I turned off the computer, removed the defective 320GB SATA drive, replaced it with a new 1TB SATA drive because I want to use the extra space for other storage later, and turned the computer back on. I created a physical volume (PV) that takes up all of the space on the drive, and then a volume group (VG) that fills the PV. I used 250GB of that space for a logical volume (LV) that was to be the /home filesystem. I then created an EXT4 filesystem on the logical volume and used the e2label command to give it the label “home” because I mount filesystems using labels. At this point the replacement drive was ready so I mounted it on /home.
As a result of the method I use to create my backups, it is only necessary for me to use a simple copy command to restore the entire home directory to the newly installed drive.
After restoring the data to my /home directory I logged in using my non-privileged user ID and checked things out. Everything worked as expected and all of my data had been restored correctly.
Recovery Testing
No backup regimen would be complete without testing. You should regularly test recovery of random files or entire directory structures to ensure not only that the backups are working, but that the data in the backups can be recovered for use after a disaster. I have seen too many instances where a backup could not be restored for one reason or another and valuable data was lost because the lack of testing prevented discovery of the problem.
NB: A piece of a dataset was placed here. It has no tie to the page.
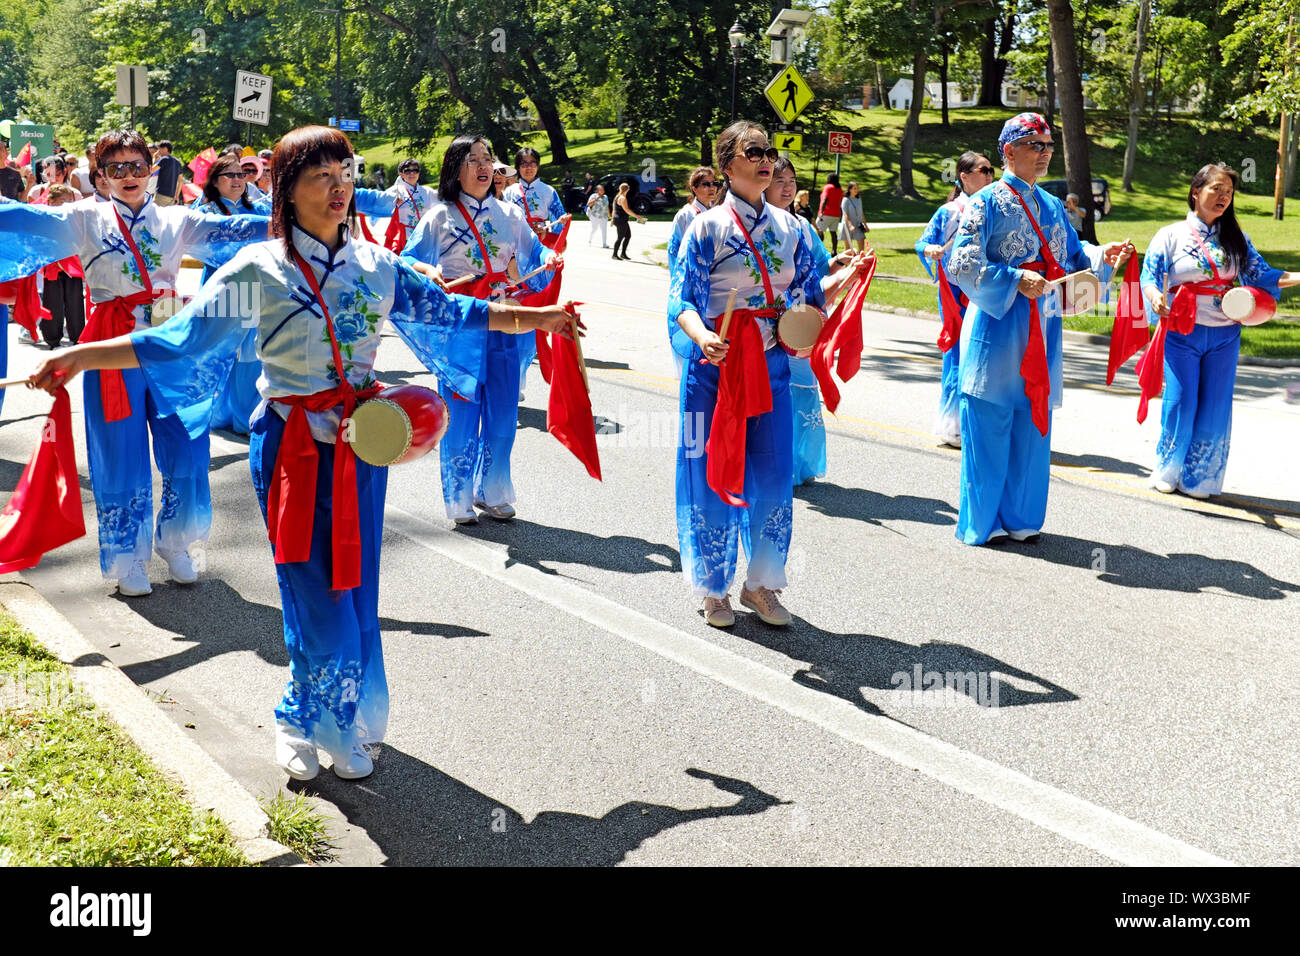 The Pittsburgh Xiaobo Chinese Waist Drum Dance Group performs in the 2019 One World Day celebration in the Cultural Gardens of Cleveland, Ohio, USA. Stock Photo

Just select a file or directory to test and restore it to a test location such as /tmp so that you won’t overwrite a file that may have been updated since the backup was performed. Verify that the files’ contents are as you expect them to be. Restoring files from a backup made using the rsync commands above simply a matter of finding the file you want to restore from the backup and then copying it to the location you want to restore it to.
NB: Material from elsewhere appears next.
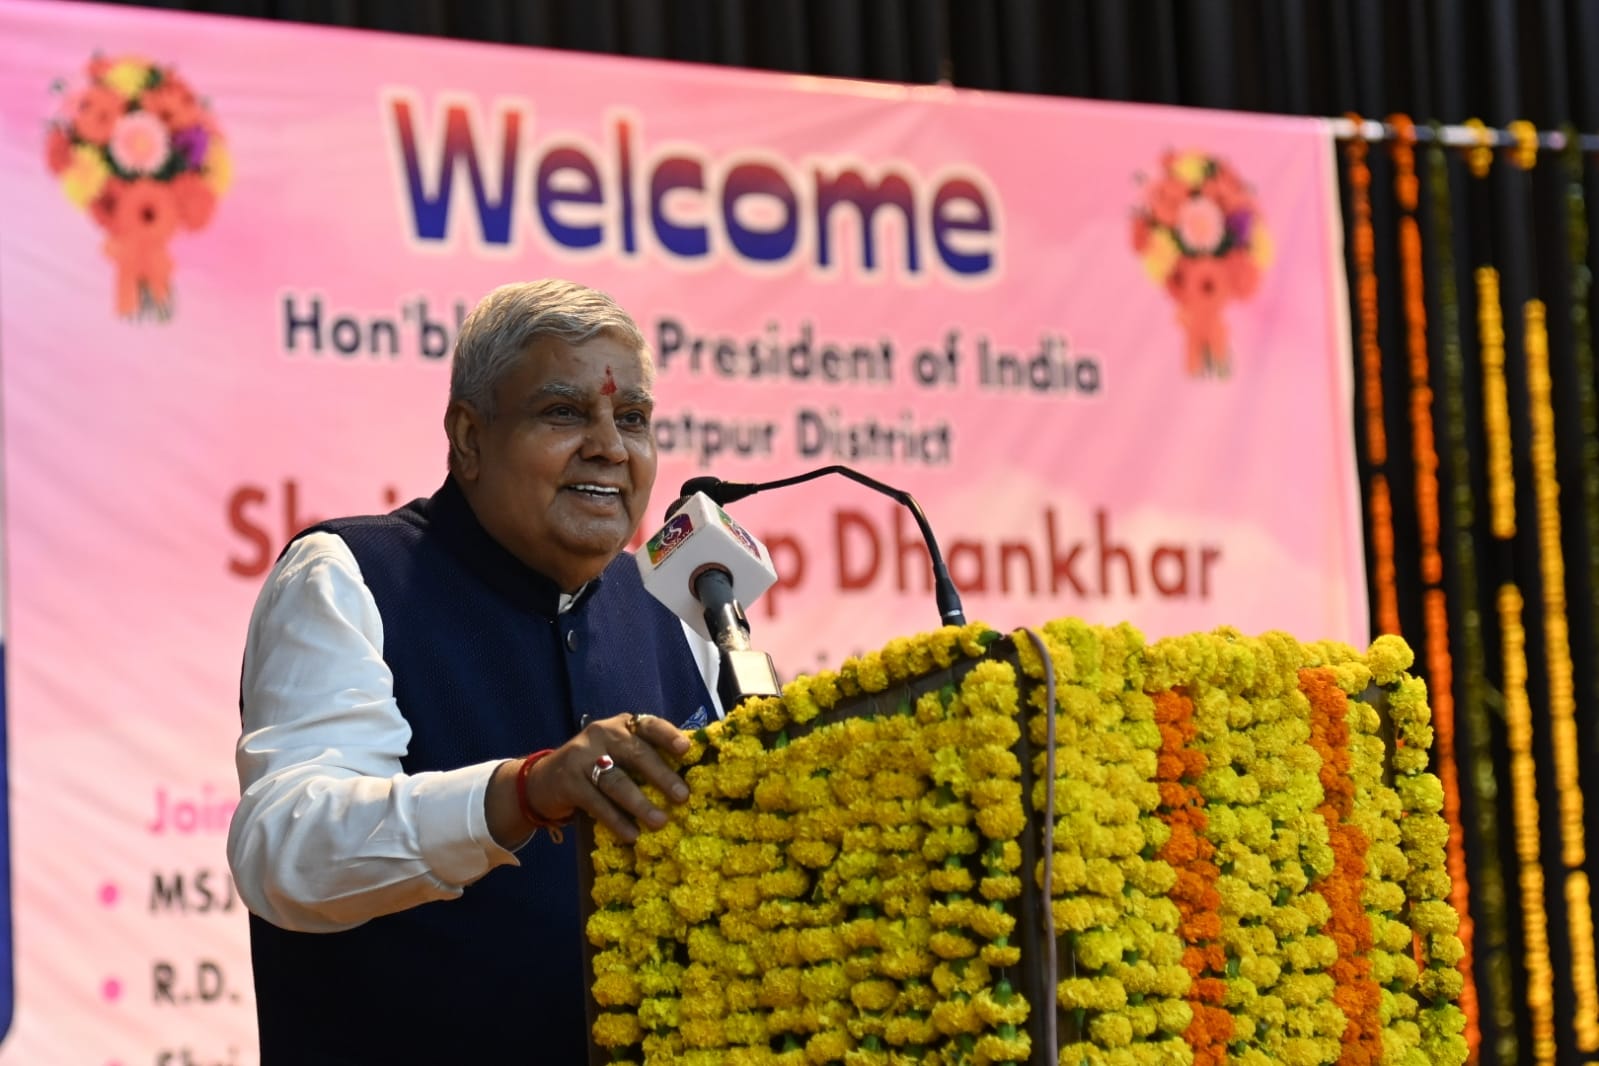 The  Vice-President, Shri Jagdeep Dhankhar addressing the students of MSJ College and Rameshwari Devi Government Girls College in Bharatpur, Rajasthan on September 12, 2023.

I have had a few circumstances where I have had to restore individual files and, occasionally, a complete directory structure. I have had to restore the entire contents of a hard drive on a couple occasions, as I discussed earlier in this chapter. Most of the time this has been self-inflicted when I accidentally deleted a file or directory. At least a few times it has been due to a crashed hard drive. So those backups do come in handy.
Summary
Backups are an incredibly important part of our jobs as SysAdmins and individual users. I have experienced many instances where backups have enabled rapid operational recovery for places I have worked as well as for my own business and personal data.
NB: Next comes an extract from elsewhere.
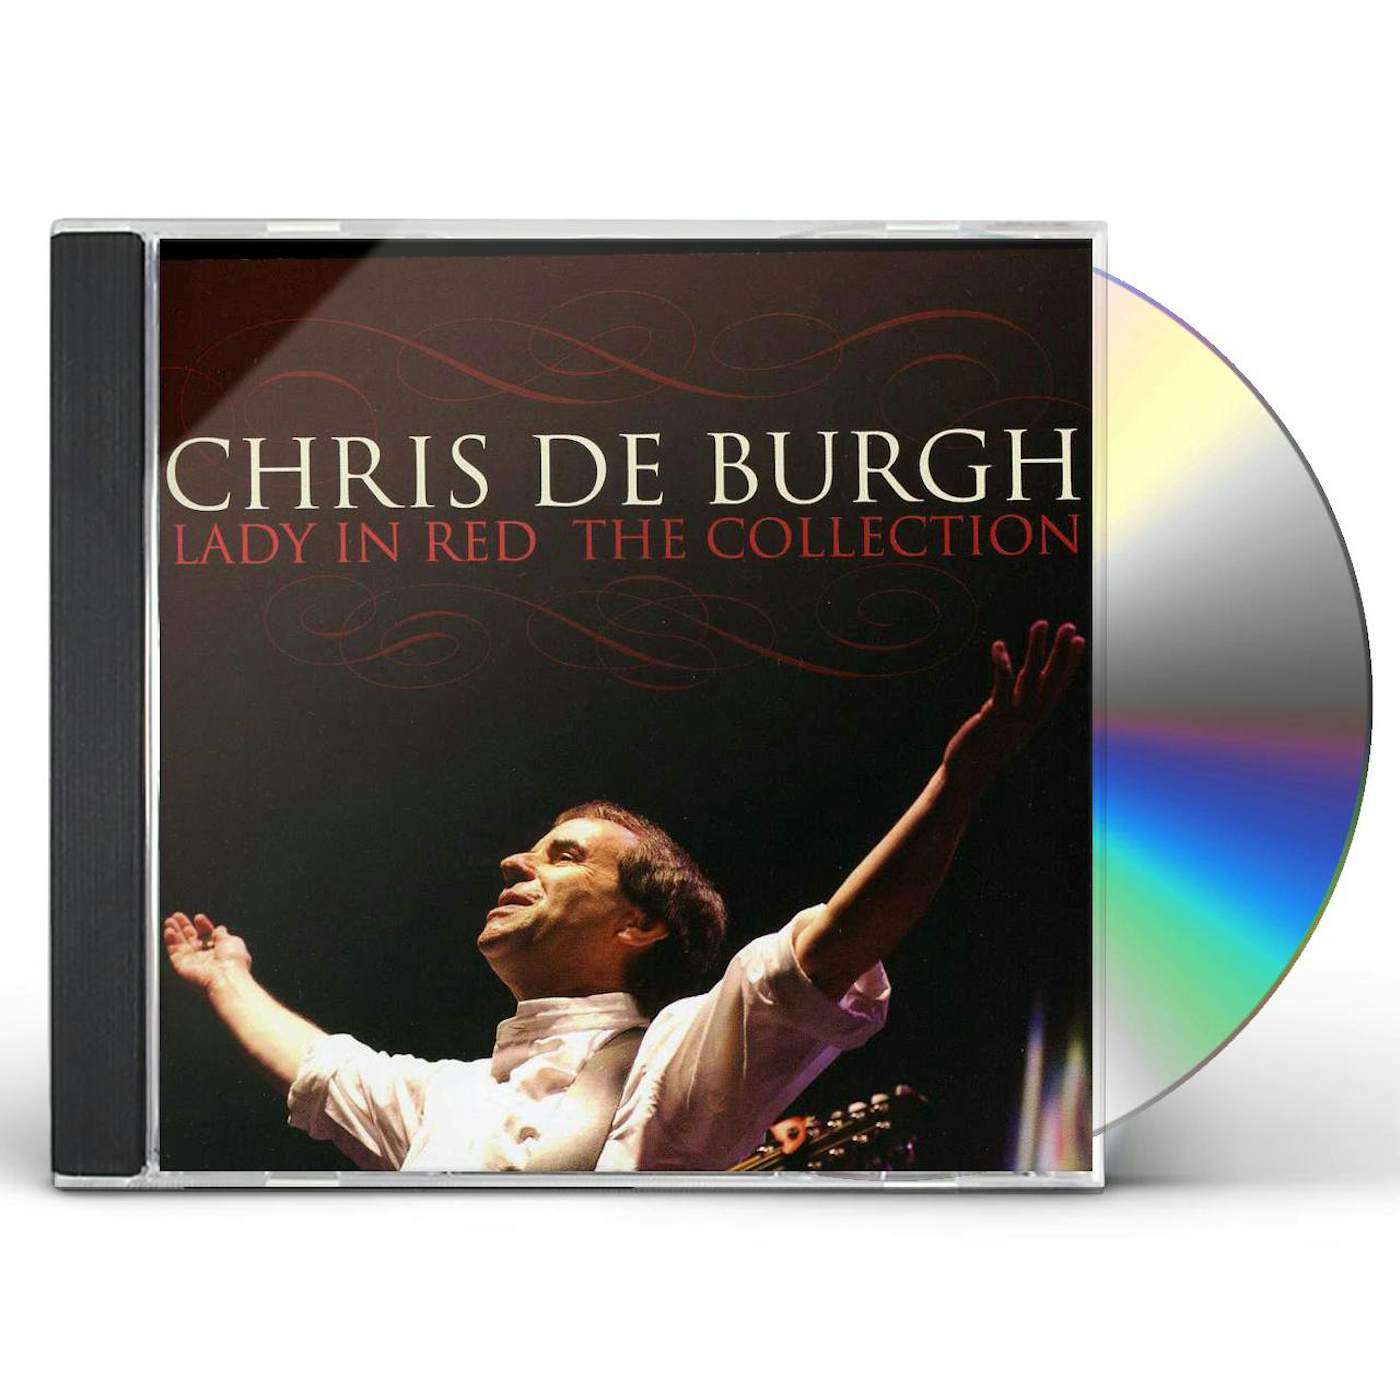 Chris de Burgh LADY IN RED: COLLECTION CD

There are many options for performing and maintaining data backups. I do what works for me and have never had a situation where I lost more than a few hours worth of data.
Like everything else, backups are all about what you need. Whatever you do – do something! Figure out how much pain you would have if you lost everything – data, computers, hard copy records – everything. The pain includes the cost of replacing the hardware and the cost of the time required to restore data that was backed up and to recover data that was not backed up. Then plan and implement your backup systems and procedures accordingly.